MB ChB, MD, MRCP, MSc, FRCP

 

clip_image002

Ernest was born in 1899, the son of Mary Hannah SYKES (daughter of Edwin Sykes) and Charles CHAMBERLAIN, a druggist/chemist in Warrington.

The above picture shows him in 1917, apparently at the time of his having qualified at Cranwell as a Royal Navy pilot, with the rank of Sub-Lieutenant.

In 1921 qualified as a physician at Liverpool University and later became medical registrar at the Liverpool Royal Infirmary.

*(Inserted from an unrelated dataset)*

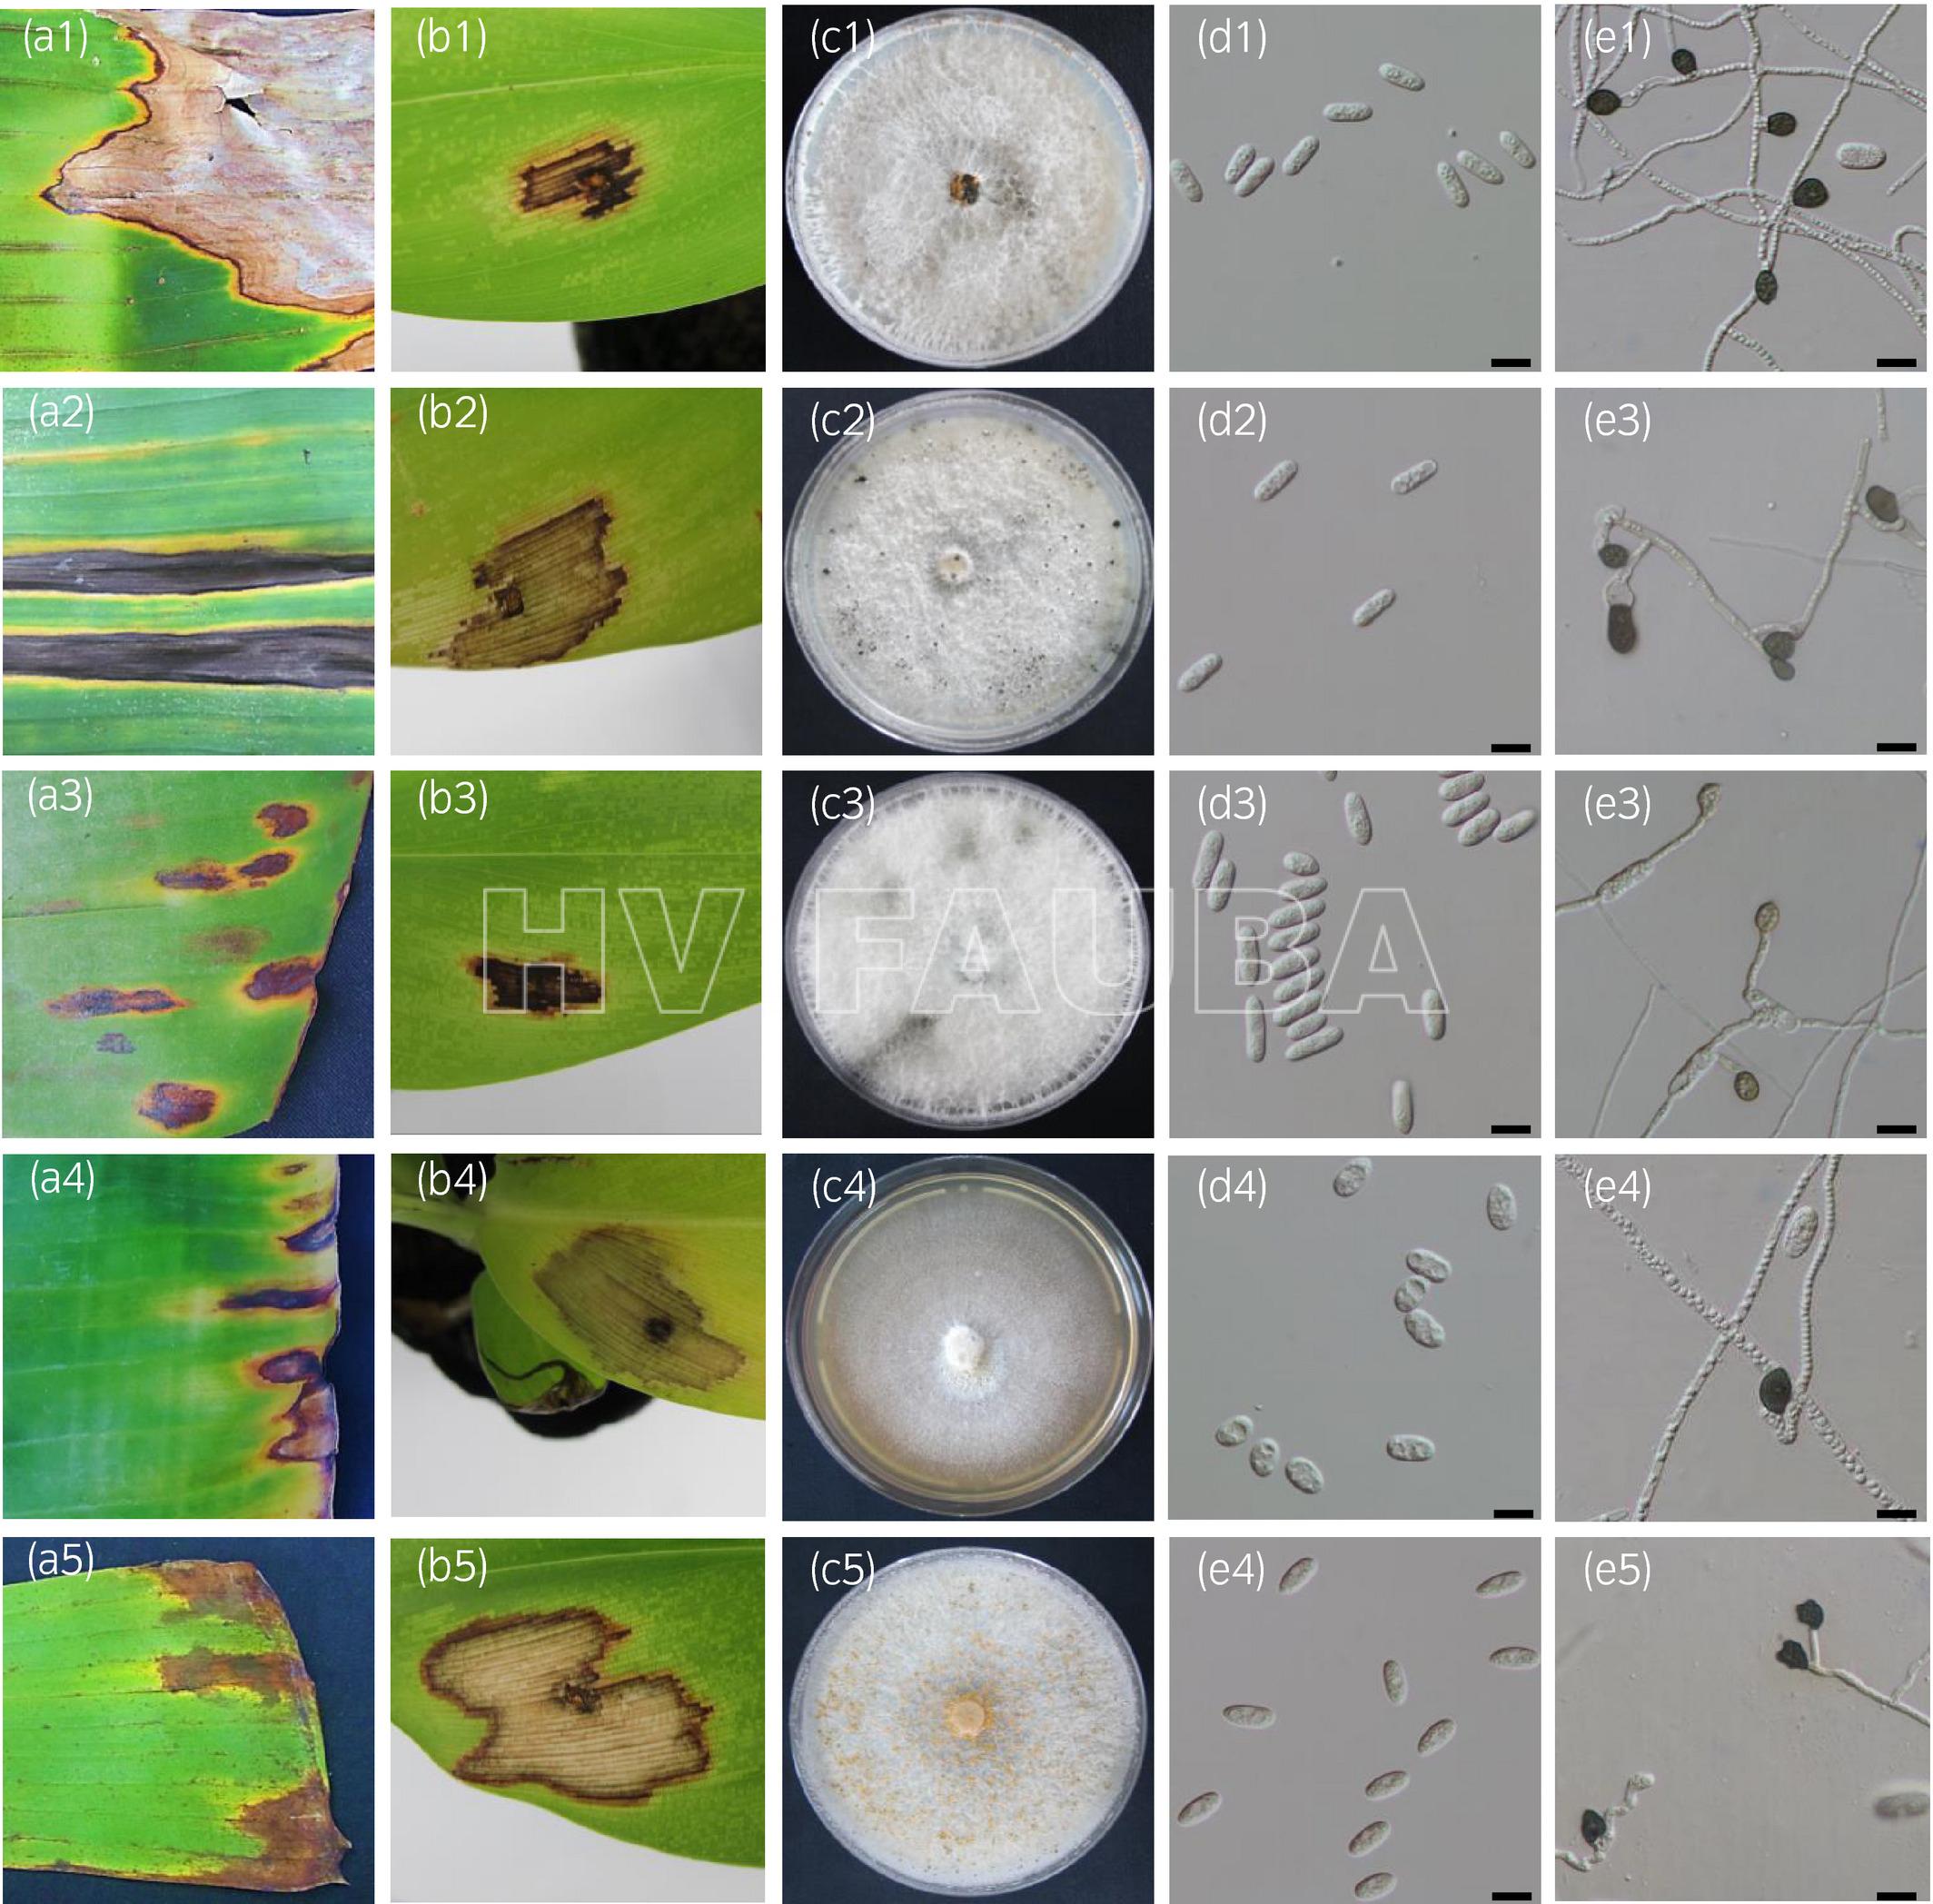 Características de cinco especies de Colletotrichum obtenidas de banano en China. Cada especie está representada en cinco imágenes (a – e). (a) Síntomas en hojas de banano; (b) lesión en hojas de banano en prueba de patogenicidad, 15 días después de la inoculación e incubación a 28 ℃; (c) morfología de la colonia en agar papa dextrosa después de 10 días a 28 °C; (d) conidios; (e) apresorios miceliales. Las placas 1 a 5 se refieren respectivamente a C. fructicola, C. cliviicola, C. siamense, C. karstii y C. musae. Barra de escala = 10 μm. Autor: Huang et al., 2021.

By 1925 he held a senior appointment at the Royal Southern Hospital, Liverpool, as physician to outpatients and to the cardiology department.

In 1929 he married Jane Theresa HUGHES and they had one son, Anthony.

In 1933, he returned to the Liverpool Royal Infirmary and with his colleague, Wallace Jones, developed the Heart Department and was instrumental in the naming and development of Sefton General Hospital, in 1948. He also developed and became the first director of the Liverpool Regional Cardiac Centre.

Ernest went on to a distinguished medical career (MD, MSc, FRCP) at the Royal Southern Hospital in Liverpool and was the author of numerous, influential medical books. His entry in Munk’s Roll (a list of obituaries of former Members of the Royal College of Physicians, London) records that he ‘was a man of great tolerance and courtesy, diffident in manner, fastidious to a fault’ and that his personal and professional life were combined in his ‘gracious hospitality, the Bentley car, the foreign visits and holidays, the love of nice things and distaste for the second rate’.

He died on 9th February 1974 and was buried at Ffestiniog churchyard, a town he had loved and where he had had a weekend farm retreat.

His former home, a Georgian townhouse, at 72 Rodney Street, Liverpool, now operates as a private medical practice in what is described as ‘the Harley Street of The North’.